- **Assignment**:
The required answer is the data below, restated word for word with images omitted.

- **Data excerpt**:
....

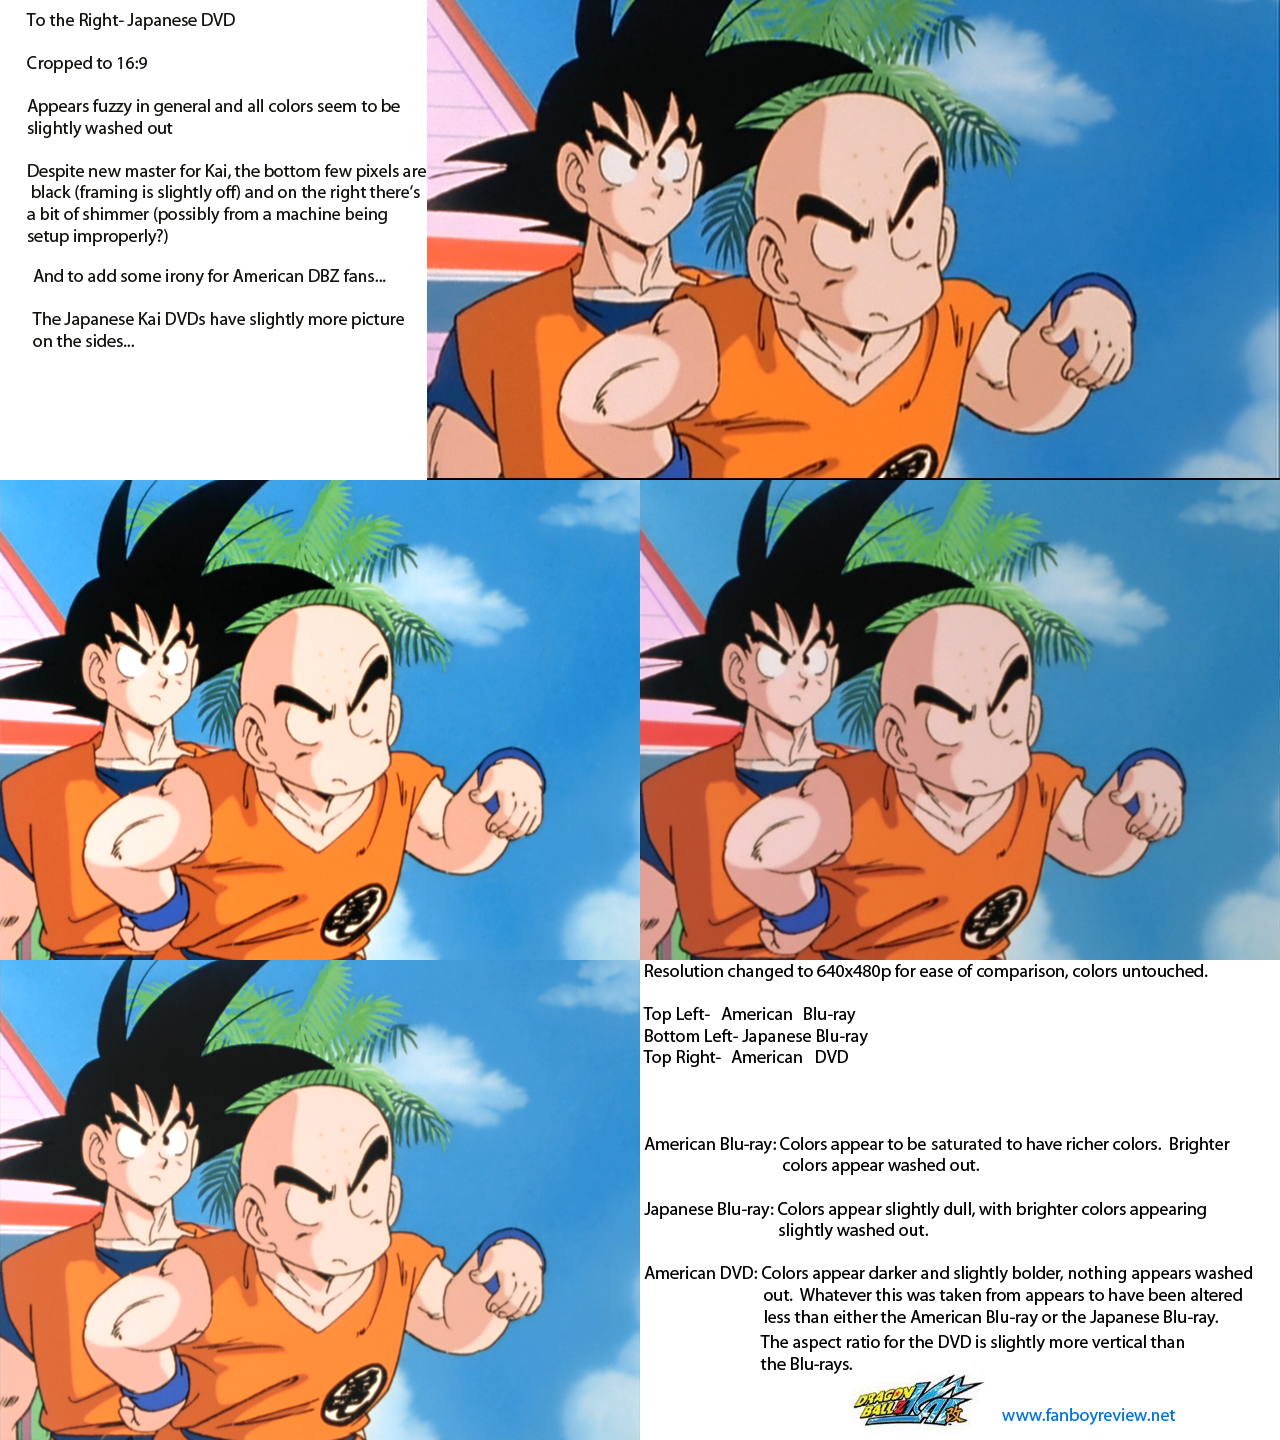 Dragon Ball Z Kai Episode 1  Comparison To Dragon Ball Z 
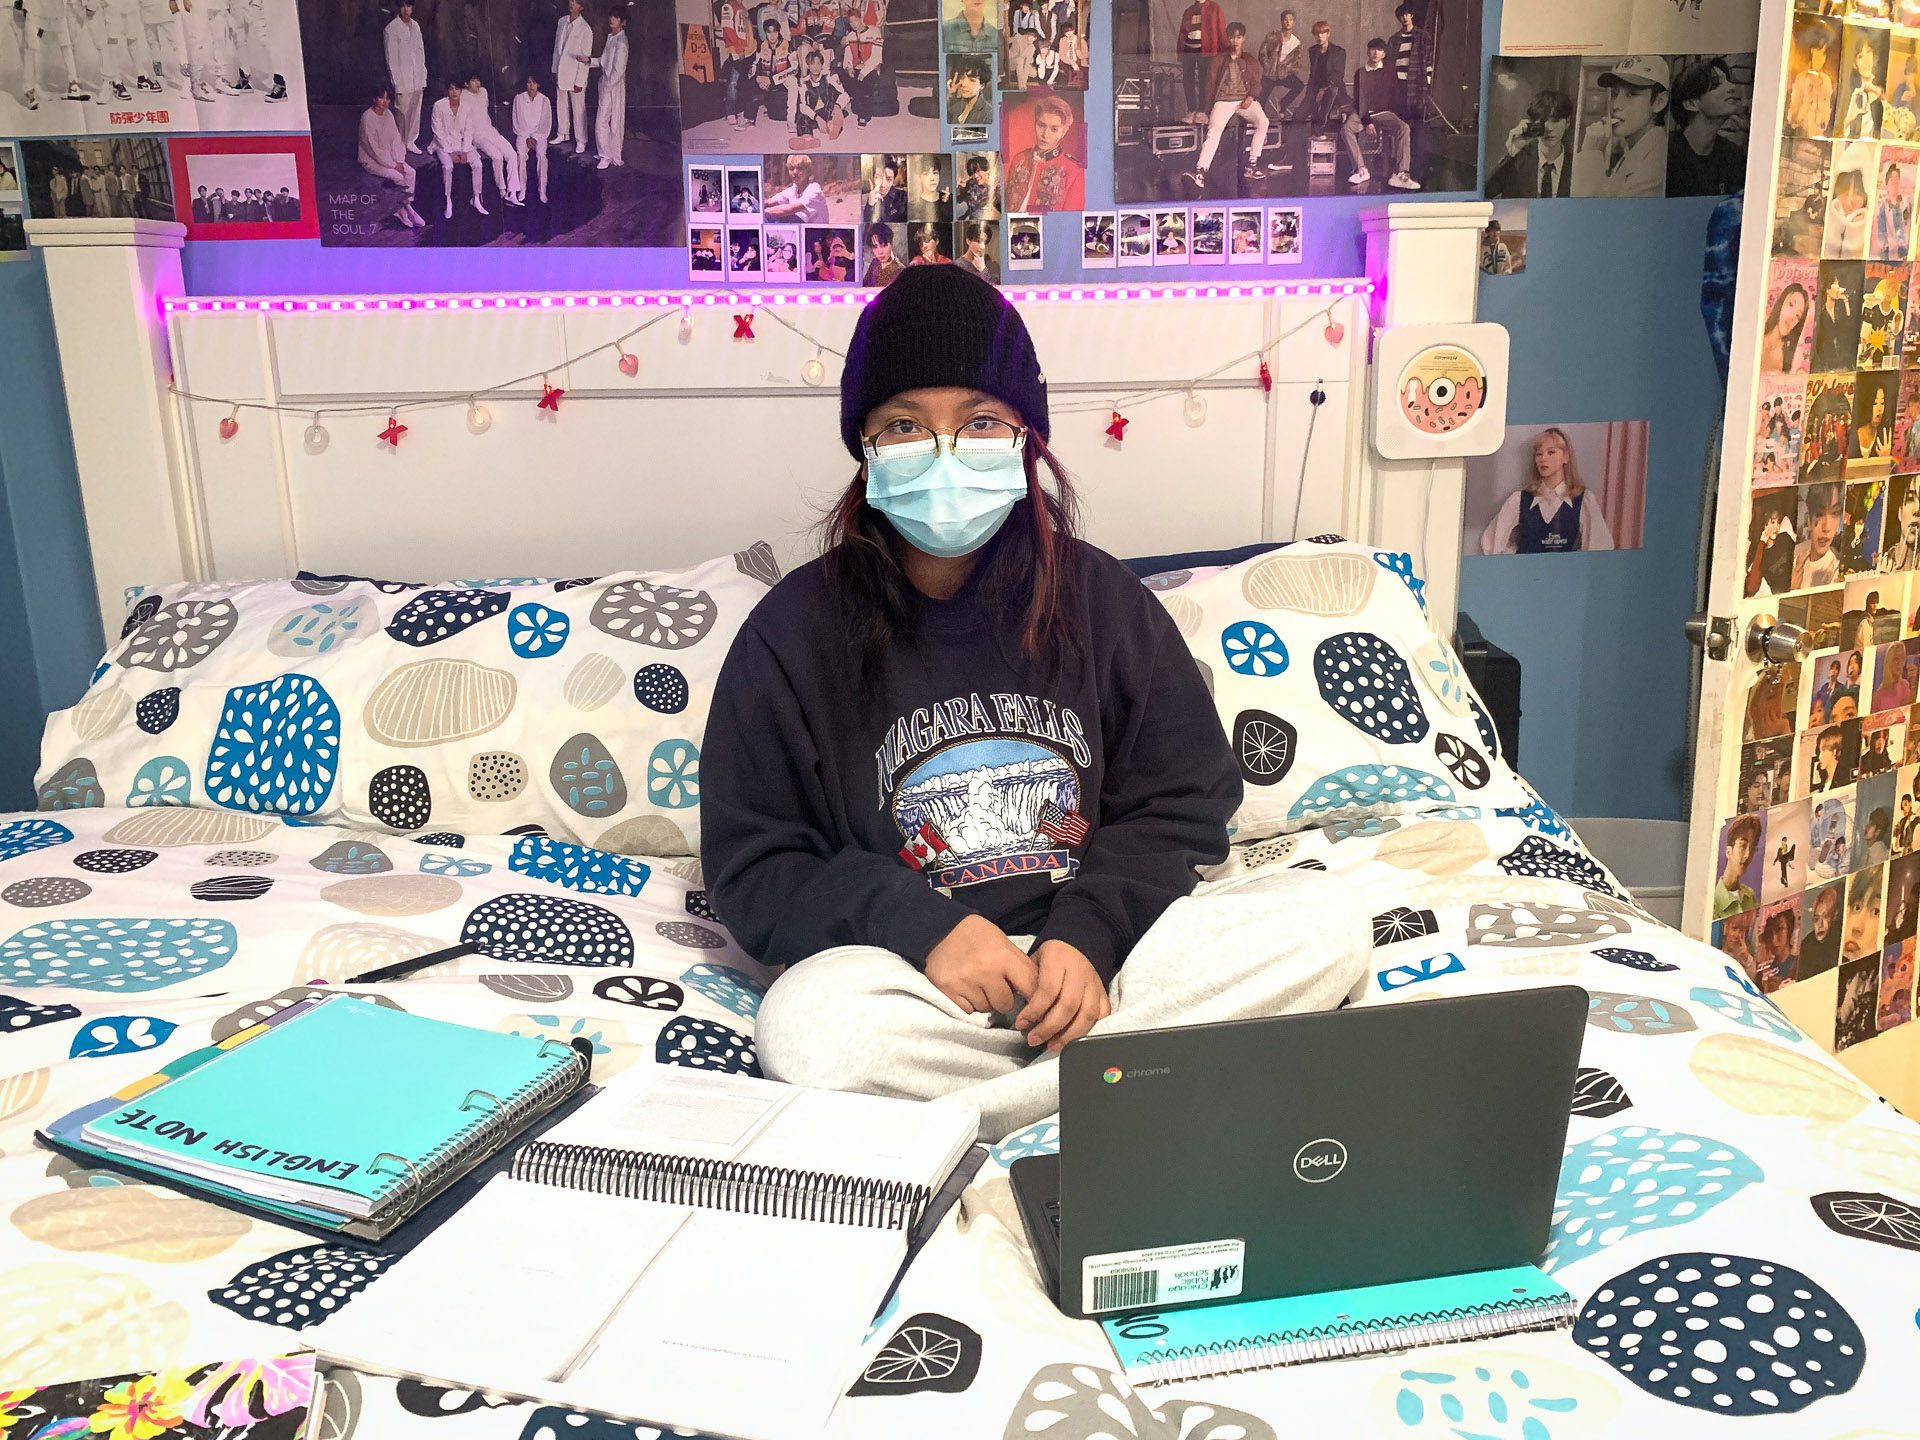 Gisselle Baltazar, élève du CPS, fait ses devoirs à la maison alors que les cours sont annulés pendant l'opération COVID.
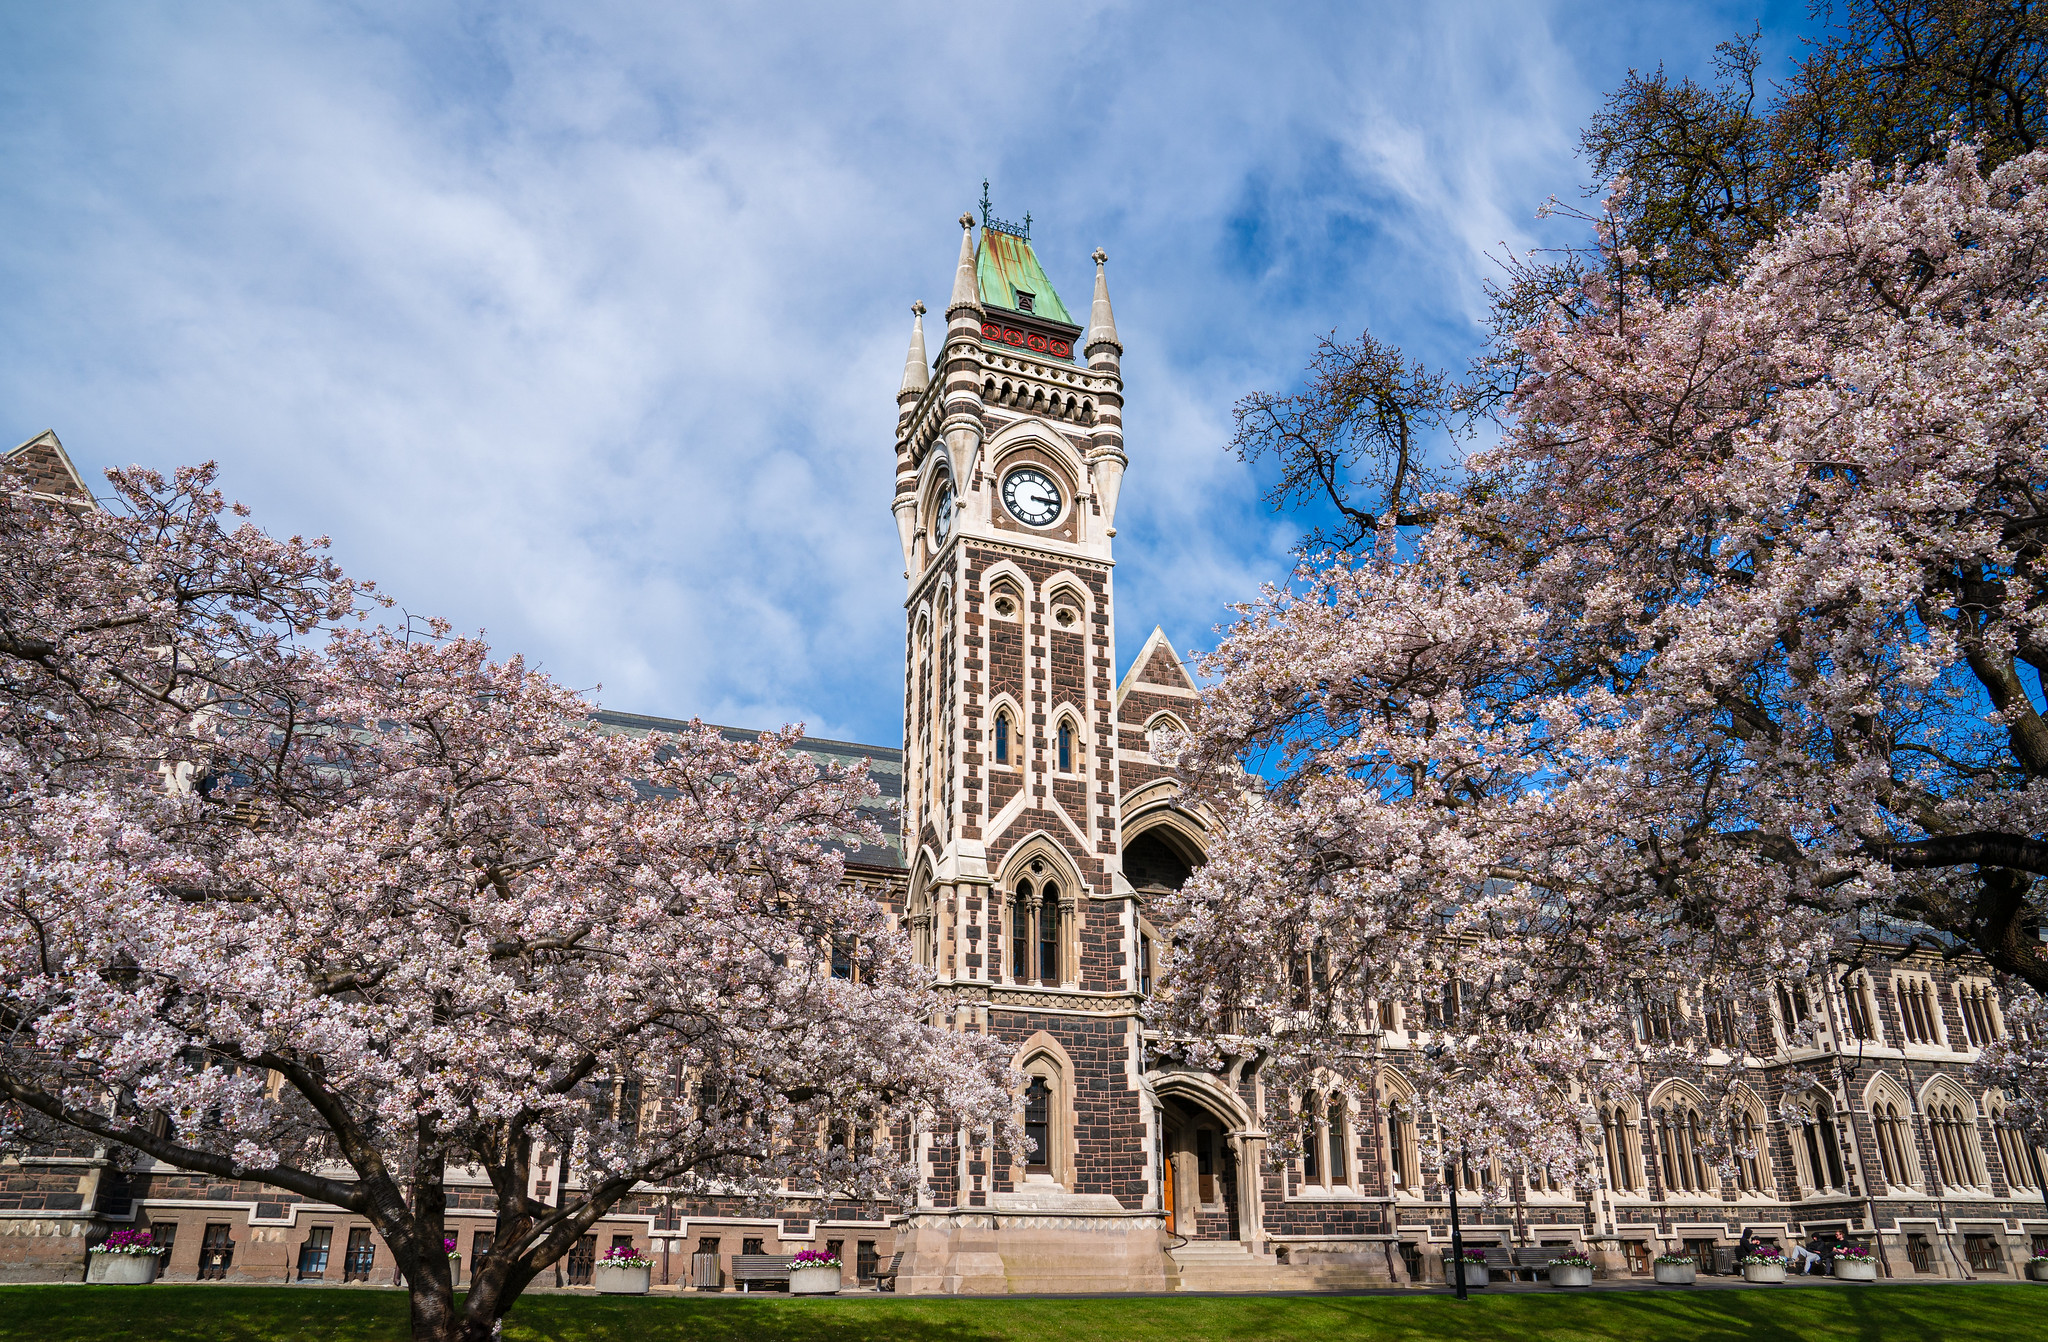 เรียนต่อปริญญาตรี University of Otago ประเทศนิวซีแลนด์ - ปรึกษาแนะแนวฟรี!
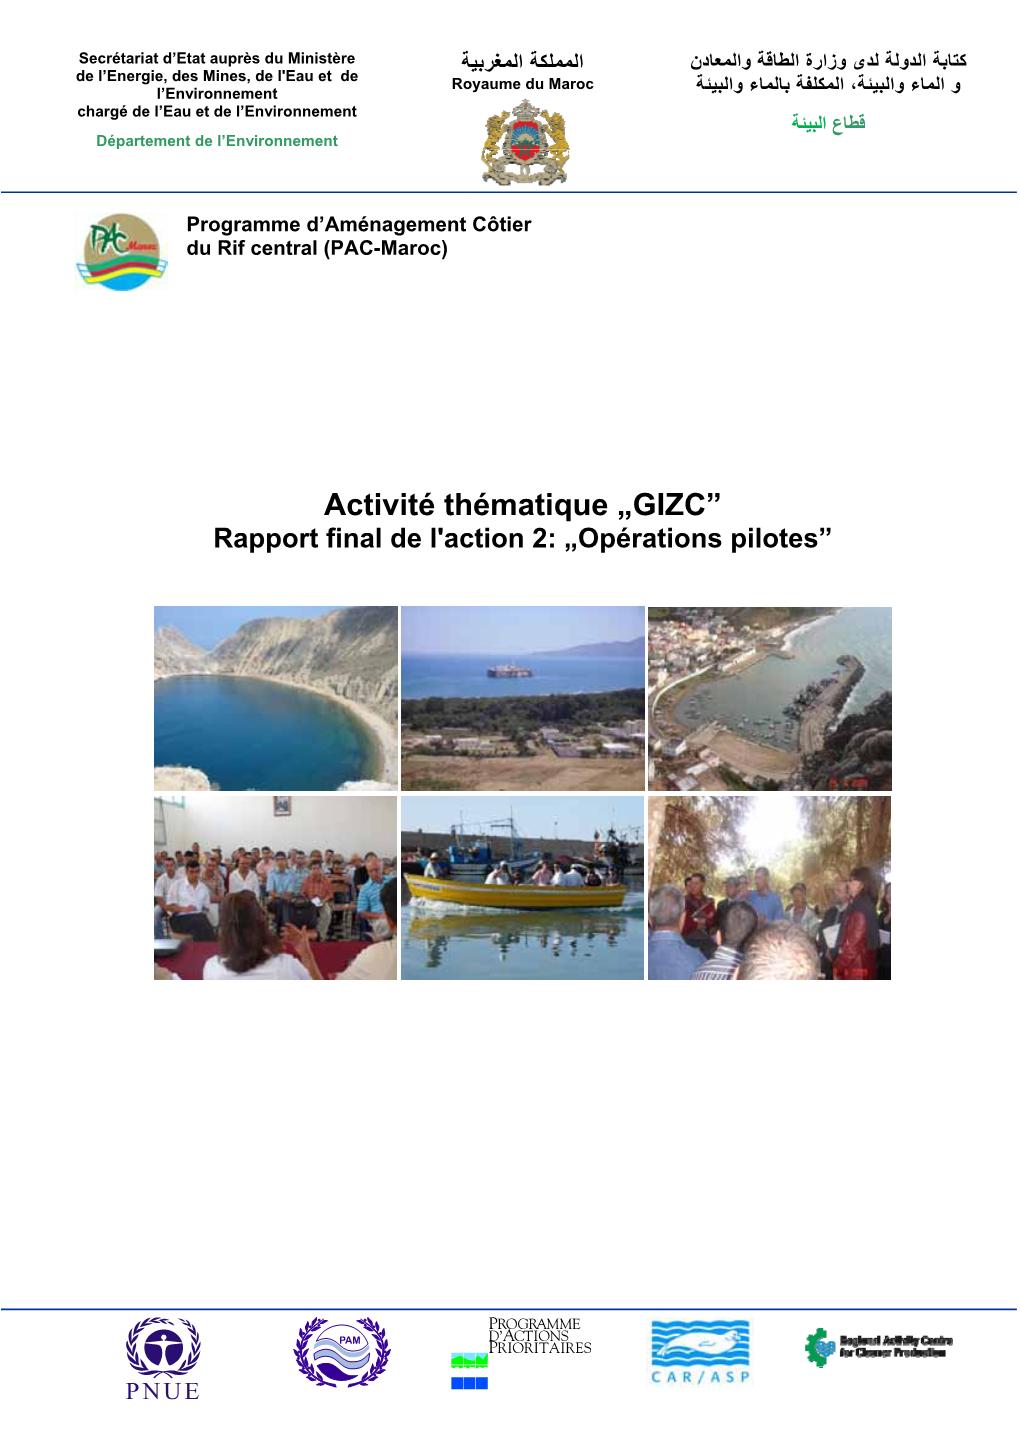 GIZC” Rapport Final De L'action 2: „Opérations Pilotes”

....

- **Output for this task**:
 Dragon Ball Z Kai Episode 1  Comparison To Dragon Ball Z 
 Gisselle Baltazar, élève du CPS, fait ses devoirs à la maison alors que les cours sont annulés pendant l'opération COVID.
 เรียนต่อปริญญาตรี University of Otago ประเทศนิวซีแลนด์ - ปรึกษาแนะแนวฟรี!
 GIZC” Rapport Final De L'action 2: „Opérations Pilotes”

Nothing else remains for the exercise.